Go to the line containing "Caisses plastique de" in the records below and print it and every following line exactly, on through the line containing "Портативный уличный гамак, качели, утолщенное", then stop.

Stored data
__________________________________________________

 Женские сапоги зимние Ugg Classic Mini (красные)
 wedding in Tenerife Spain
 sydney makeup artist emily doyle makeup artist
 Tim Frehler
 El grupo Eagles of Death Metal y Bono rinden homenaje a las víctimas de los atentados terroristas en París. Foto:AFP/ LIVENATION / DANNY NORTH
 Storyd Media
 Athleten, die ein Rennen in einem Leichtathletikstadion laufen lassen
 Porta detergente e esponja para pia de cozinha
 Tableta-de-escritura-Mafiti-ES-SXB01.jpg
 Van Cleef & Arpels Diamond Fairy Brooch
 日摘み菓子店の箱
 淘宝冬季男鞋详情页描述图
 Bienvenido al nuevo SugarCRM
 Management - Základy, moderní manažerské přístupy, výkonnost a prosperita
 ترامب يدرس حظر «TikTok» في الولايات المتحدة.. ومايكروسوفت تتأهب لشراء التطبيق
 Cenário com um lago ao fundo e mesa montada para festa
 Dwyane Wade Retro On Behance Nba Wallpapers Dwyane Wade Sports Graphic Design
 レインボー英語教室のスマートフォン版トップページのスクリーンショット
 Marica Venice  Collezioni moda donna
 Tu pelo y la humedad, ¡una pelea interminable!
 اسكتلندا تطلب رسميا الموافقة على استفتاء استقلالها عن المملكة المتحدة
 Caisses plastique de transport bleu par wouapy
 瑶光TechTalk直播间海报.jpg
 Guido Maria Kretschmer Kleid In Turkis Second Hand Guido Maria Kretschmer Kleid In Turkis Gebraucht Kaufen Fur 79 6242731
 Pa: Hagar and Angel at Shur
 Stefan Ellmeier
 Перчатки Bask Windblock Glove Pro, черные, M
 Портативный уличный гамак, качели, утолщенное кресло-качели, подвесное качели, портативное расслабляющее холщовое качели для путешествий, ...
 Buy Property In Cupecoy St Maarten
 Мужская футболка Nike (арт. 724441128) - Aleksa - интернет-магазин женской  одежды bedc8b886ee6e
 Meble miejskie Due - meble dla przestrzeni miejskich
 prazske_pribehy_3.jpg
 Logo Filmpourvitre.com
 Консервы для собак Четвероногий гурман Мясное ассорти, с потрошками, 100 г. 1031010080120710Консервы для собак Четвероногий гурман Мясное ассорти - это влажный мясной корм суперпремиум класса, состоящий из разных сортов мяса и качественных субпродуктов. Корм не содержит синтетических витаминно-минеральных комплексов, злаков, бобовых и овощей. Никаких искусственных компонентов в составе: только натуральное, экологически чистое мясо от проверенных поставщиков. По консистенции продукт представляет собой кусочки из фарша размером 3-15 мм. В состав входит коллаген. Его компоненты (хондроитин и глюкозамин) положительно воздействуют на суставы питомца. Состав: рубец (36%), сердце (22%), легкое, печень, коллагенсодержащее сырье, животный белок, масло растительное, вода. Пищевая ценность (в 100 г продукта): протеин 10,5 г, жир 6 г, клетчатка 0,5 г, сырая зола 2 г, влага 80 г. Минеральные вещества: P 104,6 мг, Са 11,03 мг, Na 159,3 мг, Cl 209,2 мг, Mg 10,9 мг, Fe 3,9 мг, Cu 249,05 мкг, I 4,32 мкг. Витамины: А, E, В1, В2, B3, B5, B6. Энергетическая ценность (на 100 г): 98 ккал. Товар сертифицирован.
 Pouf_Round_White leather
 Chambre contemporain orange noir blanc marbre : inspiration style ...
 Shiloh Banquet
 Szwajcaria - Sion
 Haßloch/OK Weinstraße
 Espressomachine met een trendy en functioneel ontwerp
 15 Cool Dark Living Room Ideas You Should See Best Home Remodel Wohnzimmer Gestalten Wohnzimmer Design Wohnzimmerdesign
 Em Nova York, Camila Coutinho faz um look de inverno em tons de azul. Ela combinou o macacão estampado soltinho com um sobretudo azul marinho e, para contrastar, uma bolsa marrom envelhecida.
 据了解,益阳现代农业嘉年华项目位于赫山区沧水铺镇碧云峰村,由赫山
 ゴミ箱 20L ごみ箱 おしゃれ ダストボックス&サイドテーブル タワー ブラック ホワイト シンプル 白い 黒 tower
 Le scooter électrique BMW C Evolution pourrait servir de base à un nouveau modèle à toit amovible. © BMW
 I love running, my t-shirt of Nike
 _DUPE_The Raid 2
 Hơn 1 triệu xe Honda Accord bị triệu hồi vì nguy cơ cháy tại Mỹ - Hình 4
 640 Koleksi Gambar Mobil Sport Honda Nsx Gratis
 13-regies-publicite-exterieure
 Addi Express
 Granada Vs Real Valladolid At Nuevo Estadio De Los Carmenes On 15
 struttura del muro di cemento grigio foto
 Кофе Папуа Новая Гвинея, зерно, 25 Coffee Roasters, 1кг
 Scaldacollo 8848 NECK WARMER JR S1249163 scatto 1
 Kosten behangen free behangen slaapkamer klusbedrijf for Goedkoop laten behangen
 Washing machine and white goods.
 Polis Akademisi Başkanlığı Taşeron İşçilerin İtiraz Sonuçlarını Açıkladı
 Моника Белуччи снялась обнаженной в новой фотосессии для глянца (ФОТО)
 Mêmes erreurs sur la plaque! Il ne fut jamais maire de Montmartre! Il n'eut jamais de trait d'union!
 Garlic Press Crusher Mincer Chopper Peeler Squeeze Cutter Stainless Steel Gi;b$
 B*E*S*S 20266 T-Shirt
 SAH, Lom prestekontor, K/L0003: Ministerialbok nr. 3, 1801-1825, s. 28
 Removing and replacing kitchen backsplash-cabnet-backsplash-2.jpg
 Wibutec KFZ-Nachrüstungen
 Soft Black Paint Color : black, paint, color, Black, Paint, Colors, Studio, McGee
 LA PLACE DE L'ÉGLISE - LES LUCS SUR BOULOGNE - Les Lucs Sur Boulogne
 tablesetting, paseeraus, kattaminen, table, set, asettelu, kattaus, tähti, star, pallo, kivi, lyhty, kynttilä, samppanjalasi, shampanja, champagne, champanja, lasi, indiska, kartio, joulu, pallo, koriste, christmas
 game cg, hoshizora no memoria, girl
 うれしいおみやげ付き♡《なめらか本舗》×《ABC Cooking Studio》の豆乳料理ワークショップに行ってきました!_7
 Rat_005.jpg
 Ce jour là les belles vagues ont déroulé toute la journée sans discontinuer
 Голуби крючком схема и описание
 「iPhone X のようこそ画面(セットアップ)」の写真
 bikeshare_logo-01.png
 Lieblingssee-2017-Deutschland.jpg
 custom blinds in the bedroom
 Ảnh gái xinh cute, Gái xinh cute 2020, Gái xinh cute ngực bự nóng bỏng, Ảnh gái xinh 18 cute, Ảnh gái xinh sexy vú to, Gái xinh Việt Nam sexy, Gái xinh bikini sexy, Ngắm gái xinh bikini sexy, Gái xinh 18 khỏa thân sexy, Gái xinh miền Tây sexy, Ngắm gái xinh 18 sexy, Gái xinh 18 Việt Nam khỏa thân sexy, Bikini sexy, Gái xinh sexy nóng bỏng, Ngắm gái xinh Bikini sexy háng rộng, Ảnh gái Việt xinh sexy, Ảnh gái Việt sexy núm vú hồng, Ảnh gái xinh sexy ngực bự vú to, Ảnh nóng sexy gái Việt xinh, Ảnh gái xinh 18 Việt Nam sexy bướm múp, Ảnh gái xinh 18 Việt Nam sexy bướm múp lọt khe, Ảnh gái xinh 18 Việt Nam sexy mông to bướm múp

__________________________________________________

__Problem solution__
 Caisses plastique de transport bleu par wouapy
 瑶光TechTalk直播间海报.jpg
 Guido Maria Kretschmer Kleid In Turkis Second Hand Guido Maria Kretschmer Kleid In Turkis Gebraucht Kaufen Fur 79 6242731
 Pa: Hagar and Angel at Shur
 Stefan Ellmeier
 Перчатки Bask Windblock Glove Pro, черные, M
 Портативный уличный гамак, качели, утолщенное кресло-качели, подвесное качели, портативное расслабляющее холщовое качели для путешествий, ...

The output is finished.